Лучше стало спустя пару лет, когда, вспомнив о том дне, о таком, казалось бы, незначительном смущении, Юнги побрился наголо электрической машинкой старшего брата. Он не мог сделать этого тогда – сразу по прибытии домой, - потому что так дал бы понять, что чужие слова ранили его. Юнги никто не может ранить. Юнги пуленепробиваем.
«Не стоило снимать пиджак», - он думал эту мысль, думал и думал, и не мог из-за нее уснуть. Ком стоял в горле, Юнги никак не удавалось его проглотить.
- Продолжайте движение по коридору до последней рекреации, затем ждите инструкций.
- Юнги, - позвал Хосок, - выходим на траекторию А380, только медленно.
- Боишься, что мажоры опрокинут свои коктейли?
«Я ничего не боюсь, - чётко сказал Юнги, стоя на парапете. Волосы немного отросли – теперь они выглядели как чёрная щетина, - но как ты можешь быть уверен, что всё происходящее – правда, не обман? Может быть, мы давно разбились о кольца Сатурна вдребезги. А может, мы преодолели точку невозврата и сейчас летим по вектору в никуда, и все происходящее – изощренная галлюцинация мозга. Может быть, я умру через пять минут. Что ты тогда собираешься делать? Будешь прокладывать маршрут моего тела с учетом какой-то теоремы? Представь: кровавое пятно на асфальте, размеры не буду уточнять. Кишечник с мочевым пузырем расслабятся. Кто сказал, что смерть красива?».

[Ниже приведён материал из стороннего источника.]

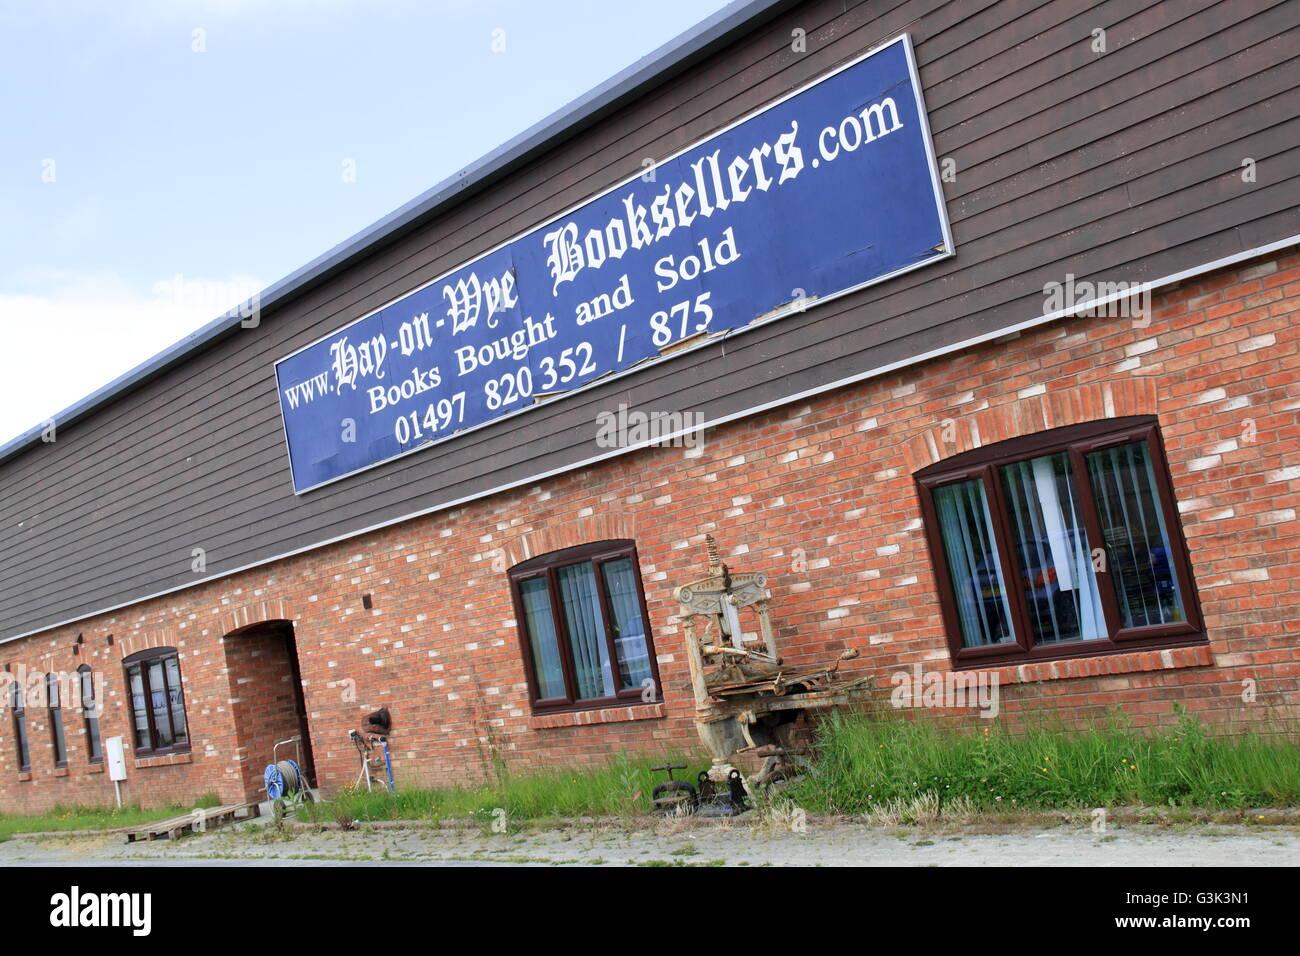 Hay-on-Wye Booksellers online bookshop, Gipsy Castle Lane

«А я боюсь! – выкрикнул Хосок, смотря на Юнги, замершего на фоне грязного неба, снизу вверх, - я боюсь жить эту жизнь в одиночестве, боюсь, что не справлюсь с управлением и умру, а мое тело будет, словно космический мусор, бороздить космос, пока его не засосет в одну из дыр. Я слишком многого боюсь, поэтому я стал эгоистом, потому что с тобой я всех своих страхов не замечаю. Спускайся».
- Боюсь, что мы снесем чьи-то аварийные шлюпки, и нас уволят. И возьми на себя дно, чтобы никому крышу не продырявить.
- Дно – это я, и я себя не контролирую, - Юнги сделал «страшные» глаза, но тут же собрался, - дно взято под контроль. Расстояние до той рухляди, что под нами, достаточное, чтобы не сбить их дореволюционные антенны.
До переезда Хосок жил с родителями в далеком городке, который был построен рядом с тюрьмами для галактических преступников. В городе жили преимущество военные. На центральной площади каждый Новый год выпиливали изо льда громадную фигуру то змеи, то петуха, - в зависимости оттого, какое животное было новым покровителем. На этой же площади Хосок как-то раз сломал мизинец, свалившись с велосипеда. Однако он не плакал, ни слезинки не проронил, наблюдая, как мама с подругой рассматривают в ужасе его неестественно оттопыренный в бок палец. Ему было забавно видеть их перепуганные лица. Боли он почему-то не чувствовал. Отца Хосок помнит плохо. Он предстает перед ним смутным очертанием, еле различимым силуэтом в темноте. Как-то раз ему снился сон: та самая площадь, только без людей и памятников; и отец, стоящий на ее противоположной стороне, к которому чем быстрее бежишь, тем больше увеличивается между вами расстояние. Хосок просыпался с невероятным усилием воли, чувствуя, как что-то подрагивает в его груди. Когда небо светлело, он, окончательно смяв сон, открывал глаза. Наволочка подушки была влажной, губы – солеными, а гордо саднило. Тогда Хосок тяжело переболел ангиной. С тех пор он ненавидел болеть.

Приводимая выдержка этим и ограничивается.